* Your goal: Output the line containing "Image of amazing" and each line after it through the end of the data, exactly as written, with pictures left out.

* Input data:
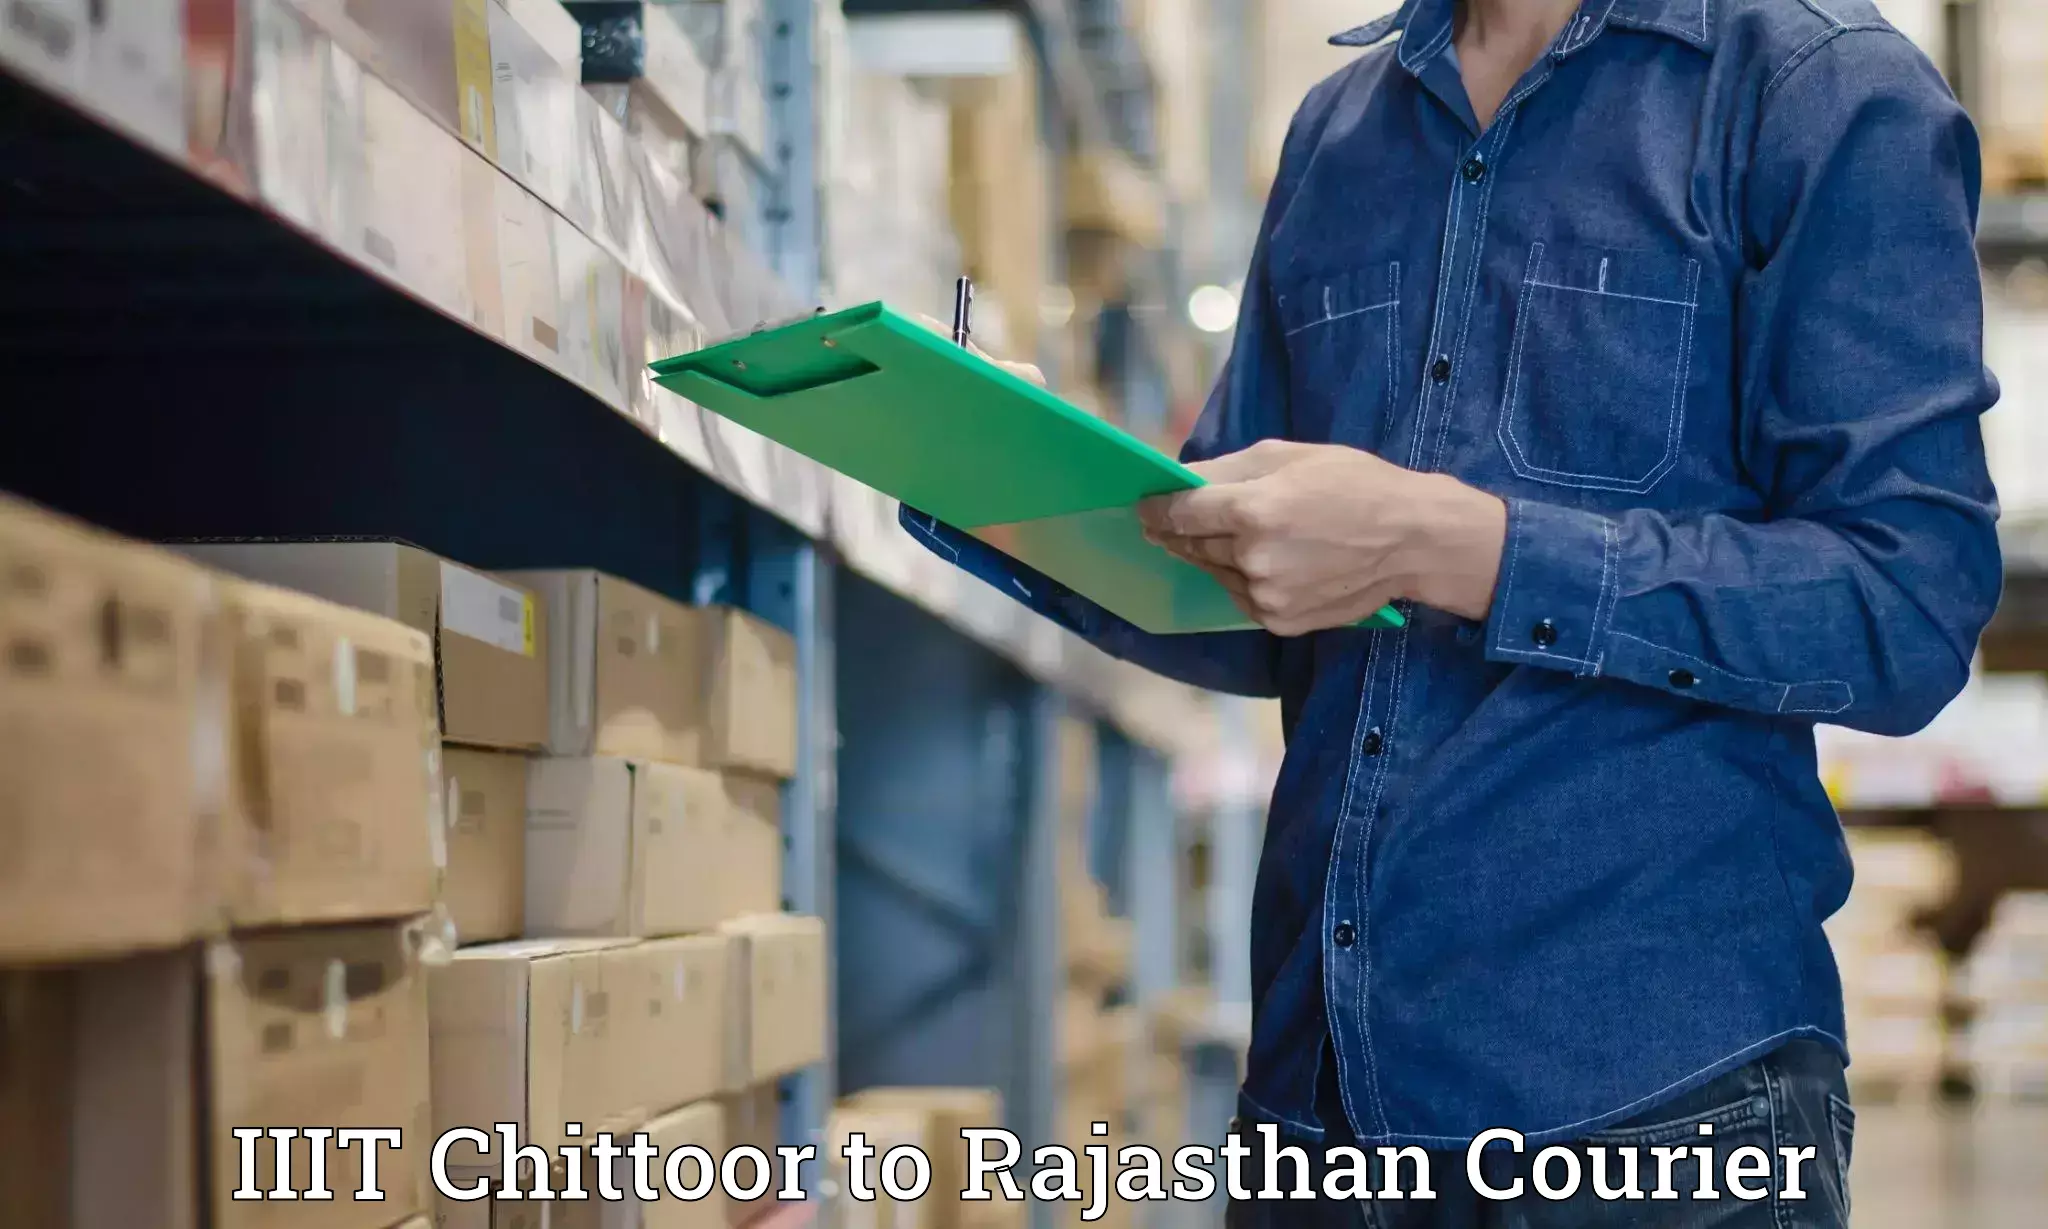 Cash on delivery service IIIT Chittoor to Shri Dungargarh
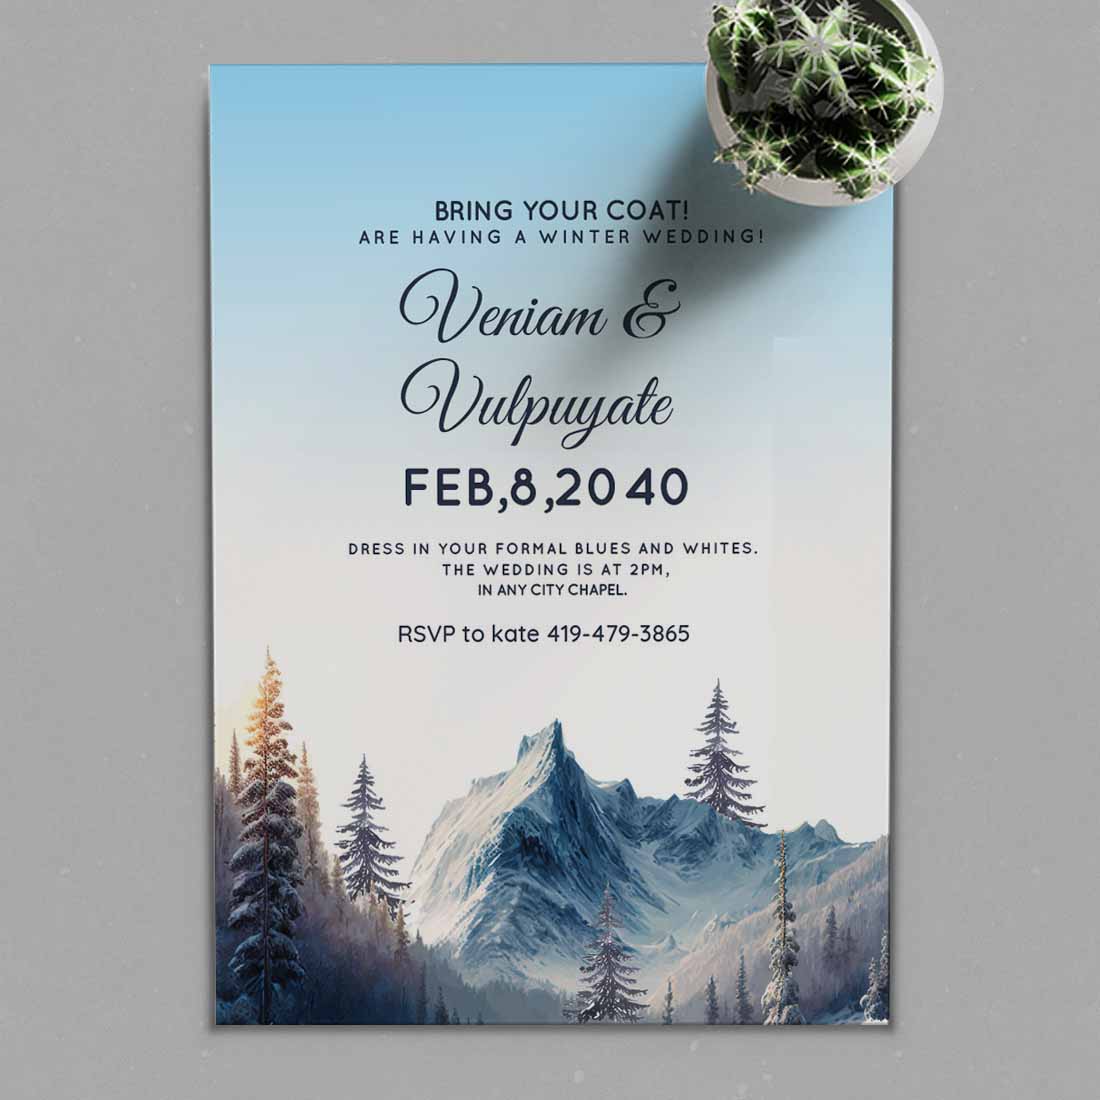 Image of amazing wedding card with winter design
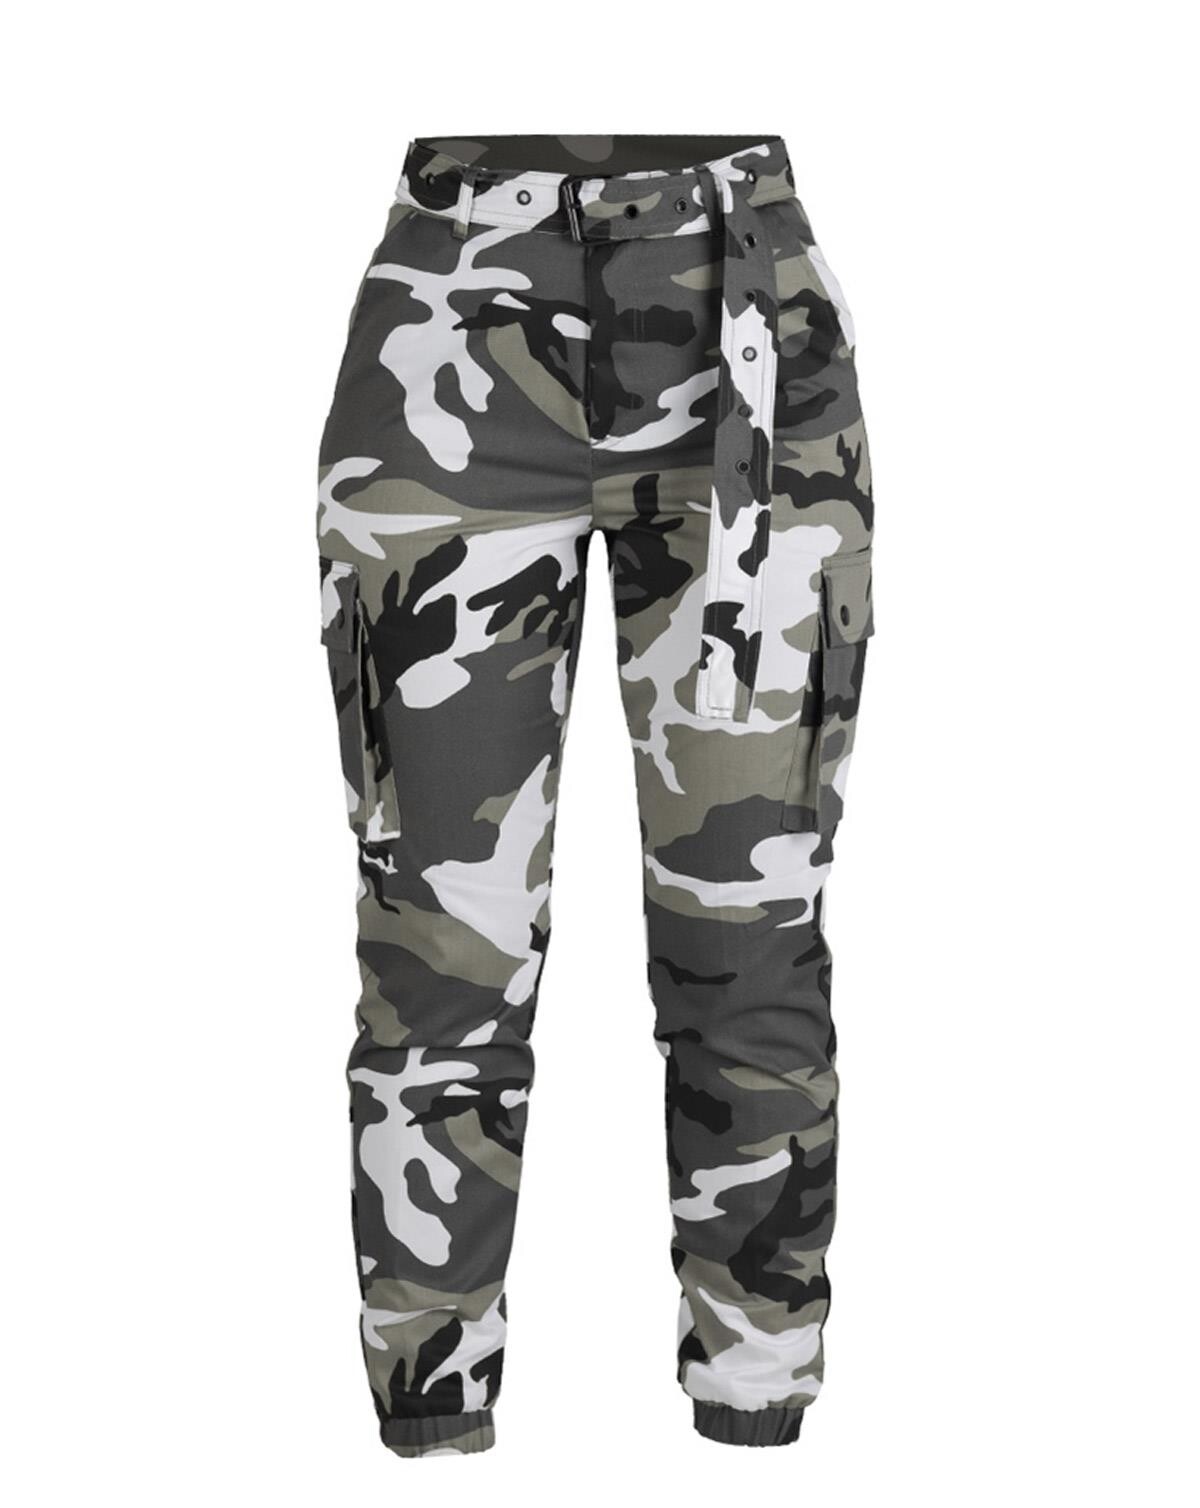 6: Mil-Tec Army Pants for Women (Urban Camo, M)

* Solution below:
 Image of amazing wedding card with winter design
 6: Mil-Tec Army Pants for Women (Urban Camo, M)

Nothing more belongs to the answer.